The Australian couple told us of a shop nearby where you can buy puppets, something that is special to Taiwan. We didn't know the name, but got decent directions from Eva at the desk. Off we went. You take a right out of the hotel, then a left, then another right and follow the street as it curves to the left, then take another left when you get to the T, you pass the 7-11 and keep going and you'll see on your left the little store called Formosa Puppets. That place was the jacket. I'm glad now that I passed up the ones at the Handicraft Market.

From there we went to the Lego store that John found while out on his walk. It was on the 2nd floor so I went up while he waited with the boys. Go buy them at Walmart. A box that is normally about $20-$25 for say a Star Wars set is about $40 here. I'm thinking we're never going to find something special for Adam. Then we stop at the Cold Stone Creamery that we found. It's past the Wellcome Market to the left on TianMu Road. A guy helped us heft the stroller up the steps and into the store where the ladies sang us a song about ice cream and toppings and eating it. Once again we shelled out $15 for ice cream (eeeek!) only to find that today Jovi loved it but Jace did not want the chocolate, only the white ice cream, regardless of the flavor.
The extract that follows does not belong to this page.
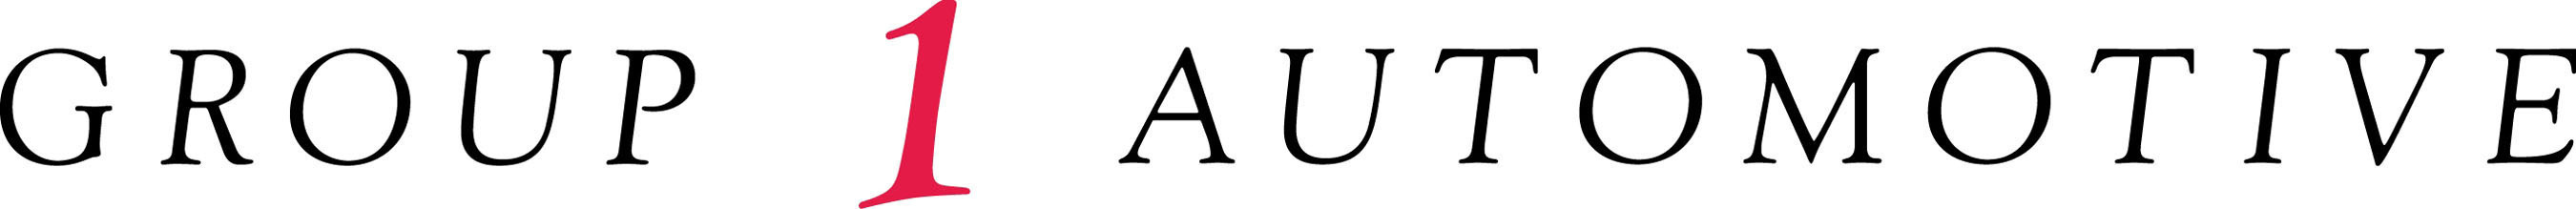 Group 1 Automotive, Inc. Logo.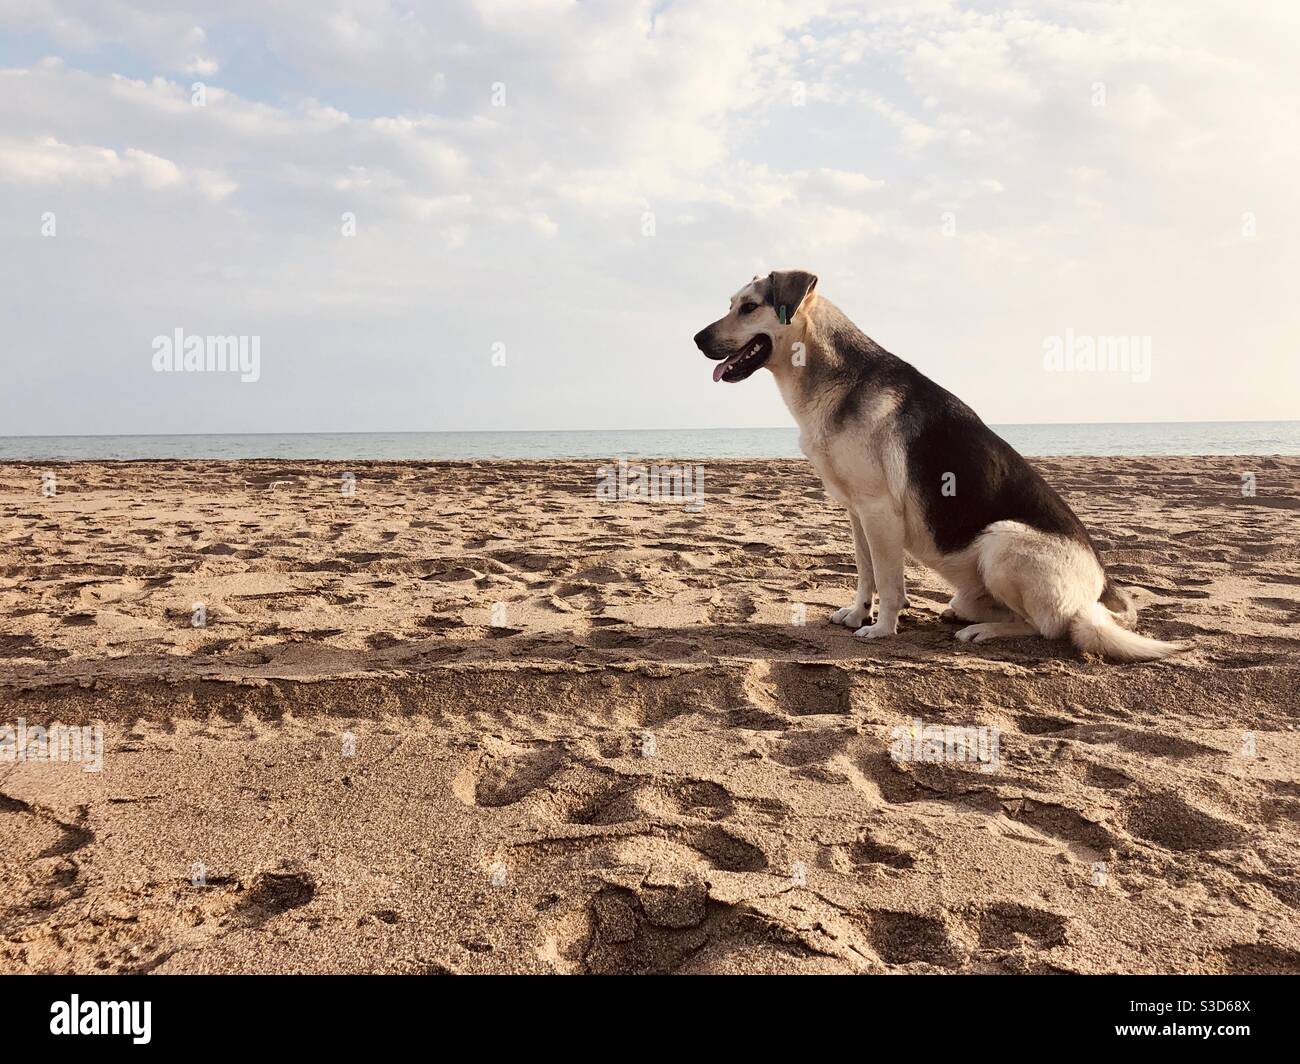 Street dog sitting on sandy beach Stock Photo

Then he decided he didn't want any of it and proceeded to tell us it was time to go and get back to looking for his bobo.

We were going to go to Carrefour to search for some kids chopsticks, the kind with the attachment on top, but it was hot, and quite frankly my legs were tired of walking. We decided to have a somewhat early dinner at Mo's Burgers. John went there earlier for lunch and the boys ate so why not. They have iced sweet tea, YUMMO! And then I saw that they have 5 butterflied shrimpt for 45nt. Uh, hello! I've been craving those since yesterday. I had 2 bags, which sounds like a lot, but the shrimp aren't that big. It was really good though.

Back at the palace, er, hotel, I thought the boys would do well to have their baths and watch tv and chill out. In they both went, and I finally remembered to snap a picture of them in the tub. For some reason Jovi started crying when we took him to the bathroom. He hasn't cried before so I'm not sure what he was thinking. But it didn't last long. They started getting tired at 7pm and I noticed that it was dark already outside. Why does it get dark so early here? Anyone know? And now here we are at 8:45pm. What a day we've had!

Jeri

Oh, I almost forgot. For the first time Jace went to bed without crying. Bless his little heart. It's hard to watch him search and search for his foster family and it's hard to listen to the cries that sometimes go on and on. But everyday is better.

5 comments:

David and Janalee said...

What a day you had! Laura probably had you make sure you got your final decree back becasue we made it home without ours! Long story. How funny, I have a picture of EVA also, she is awesome and so so so helpful. I know what you mean about feeling like you need to be in Asia and America, I can't wait to get back to Taiwan someday.
I am glad each day is getting better. You are all in my prayers.
Janalee

Sarah k said...

Hey Jeri, I am so sorry for the AIT.They are getting weirder by the week, I tell ya. Anyways, If you want some interesting toys that are really "Taiwan", take a subway to the main MRT building. On the main floor we found some really cool stackable square things that rattle but you can do stuff with these you can't do with blocks. They are more like a square outline and not a block. Too cool. I got some for Jer for nastalgia purposes. Alos, if you go down a floor or 3 in there, there is a mall with great kids Taiwan books, and all sorts of stores. Have at it. I will email this to you too so you know!! I am so gald to hear that Jace is doing better. What a brave guy.
AND JANALEE, I REMEMBER THAT STORY! lol.

Jeanie said...

Glad things are looking better. I bet you are going to need like hours of rest when you get home its sounds like you are running all over the place. take care. Jeanie

Mo's Mama said...

Jeri-
So proud of you, my friend. Not sure I'd be brave enough to head out on my own. :) Sounds like another adventurous day and any day with fewer tears is definitely a better day.

Can't wait for you to get home and "normal" life as the mommy of four! God is so good.

Hugs,
Anita

Jennifer said...

I'm so glad every day is getting a little better !!!